Stored data.

****

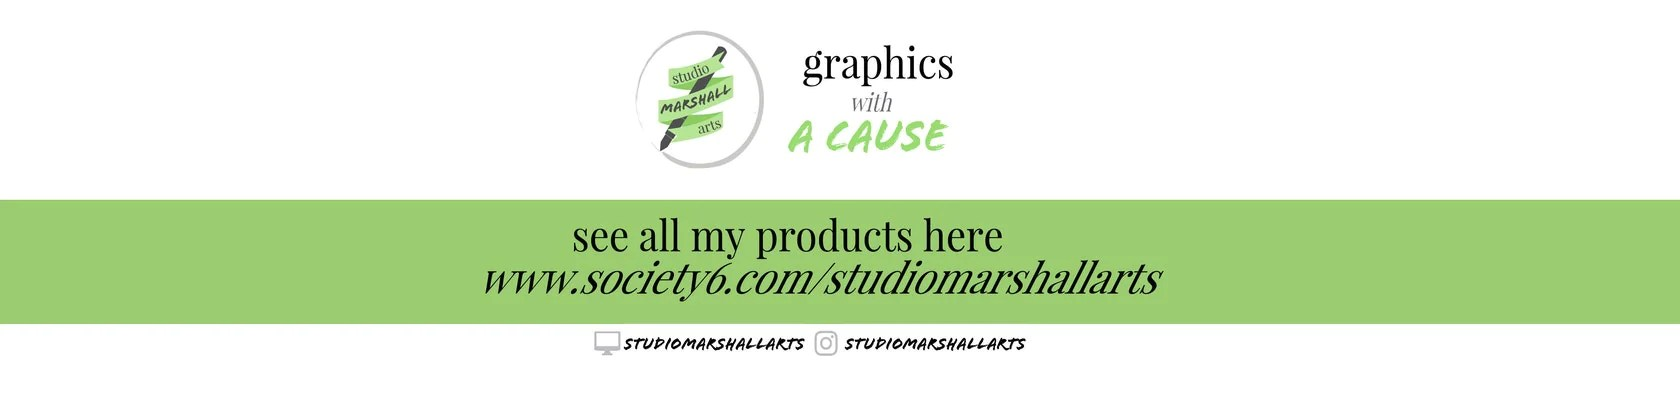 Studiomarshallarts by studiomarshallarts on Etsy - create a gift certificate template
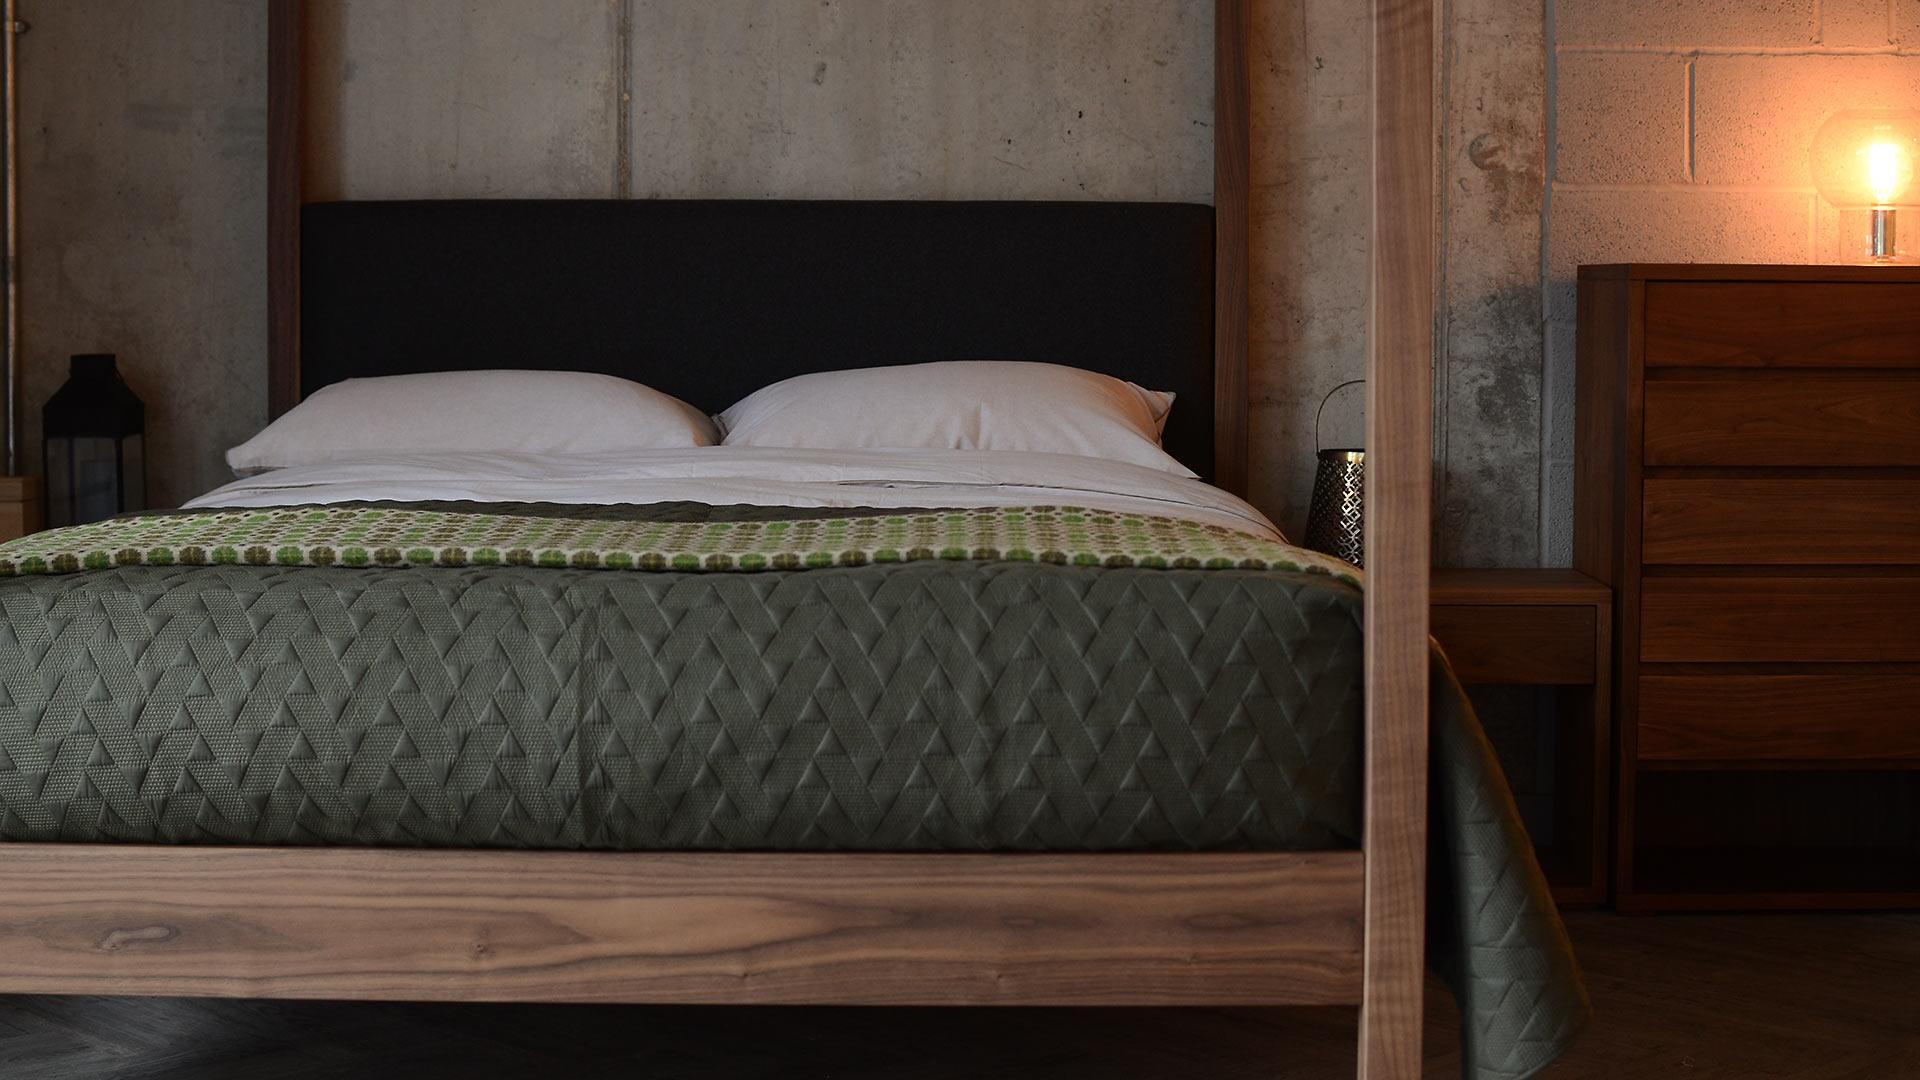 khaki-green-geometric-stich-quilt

****

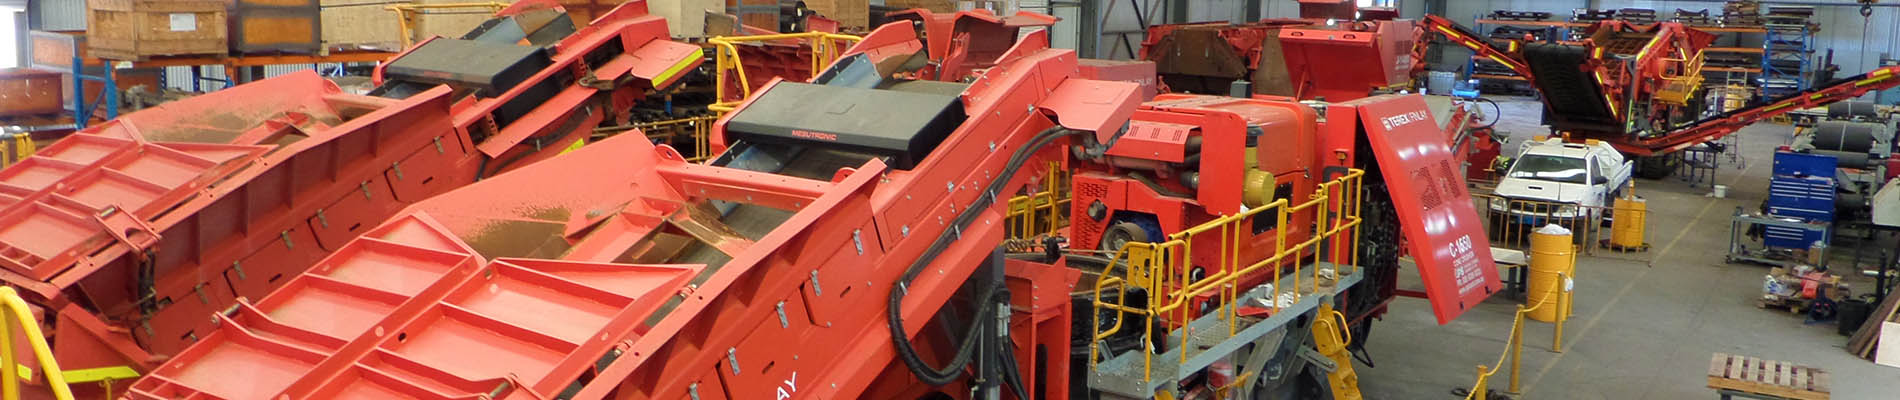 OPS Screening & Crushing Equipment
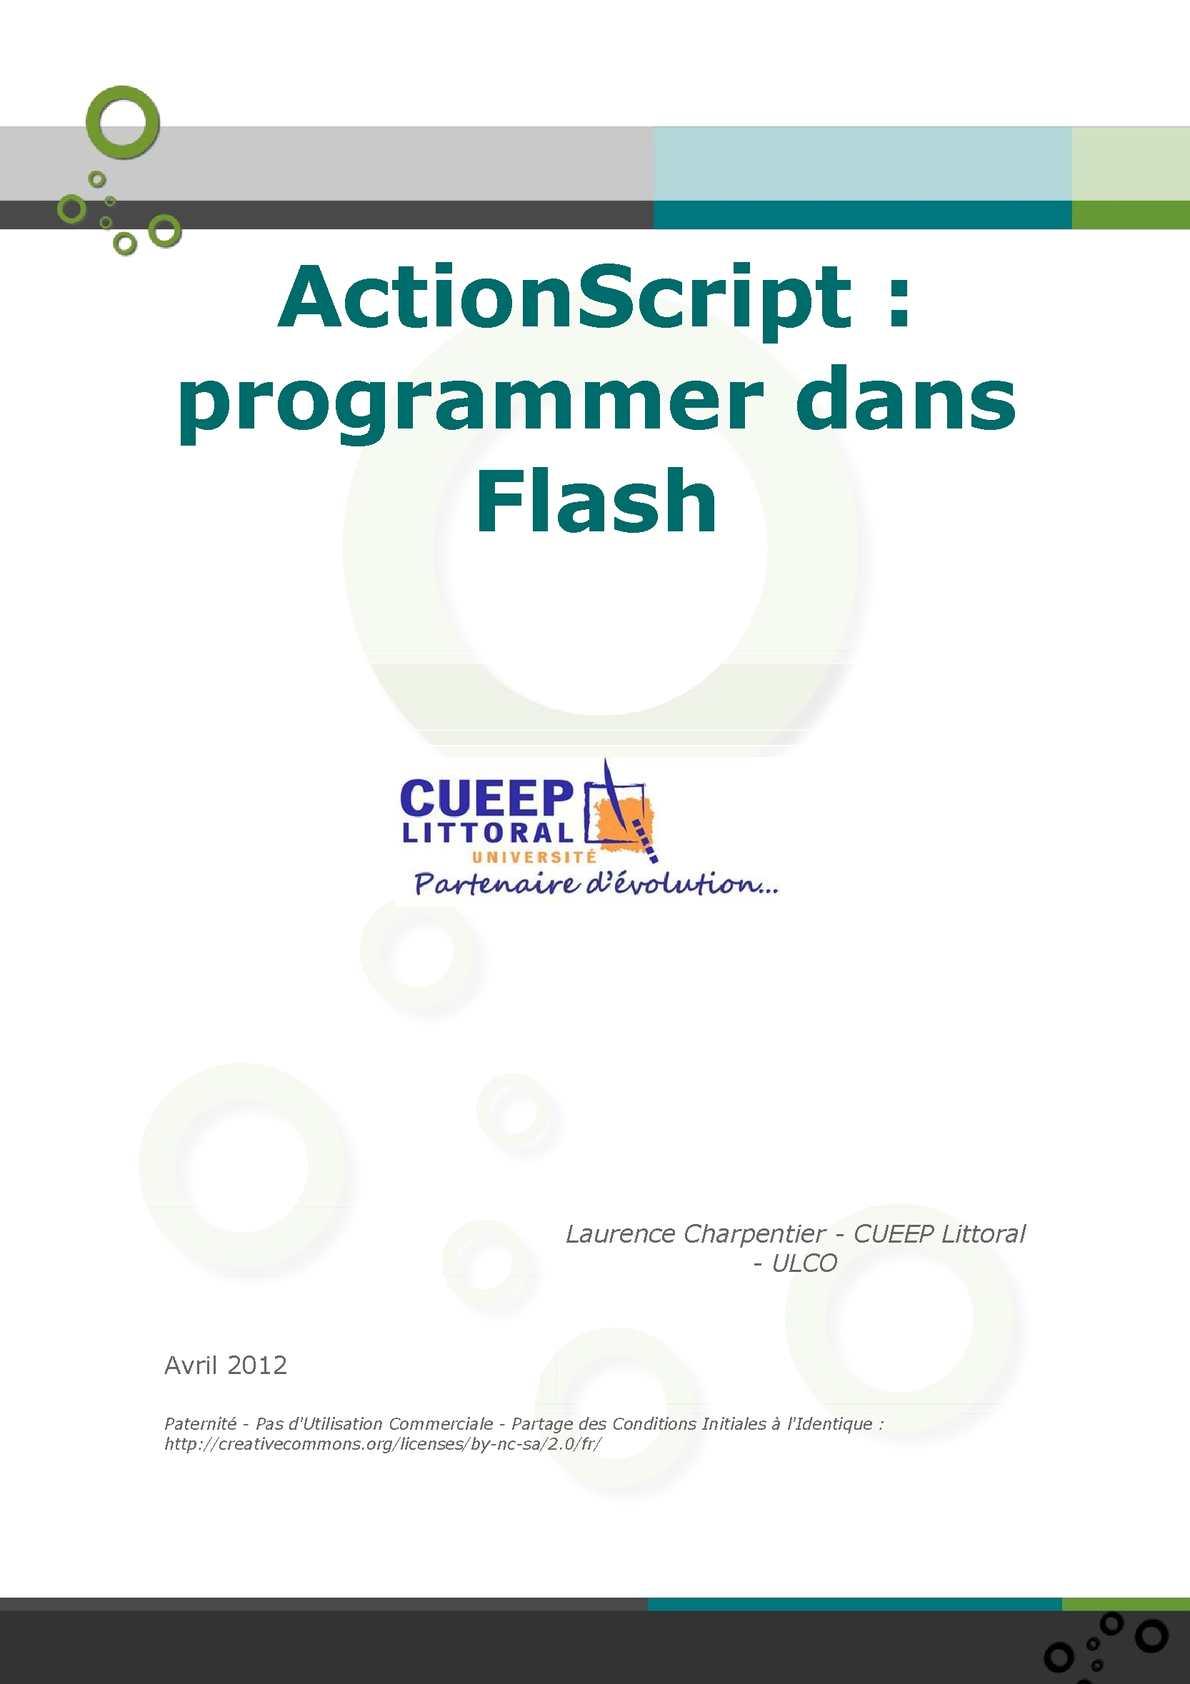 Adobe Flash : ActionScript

****

Task directions. Within the data above, repeat exactly the lines from the one bearing "OPS Screening & Crushing Equipment" through the one bearing "Adobe Flash : ActionScript". Include no pictures and nothing else.

Response below.
 OPS Screening & Crushing Equipment
 Adobe Flash : ActionScript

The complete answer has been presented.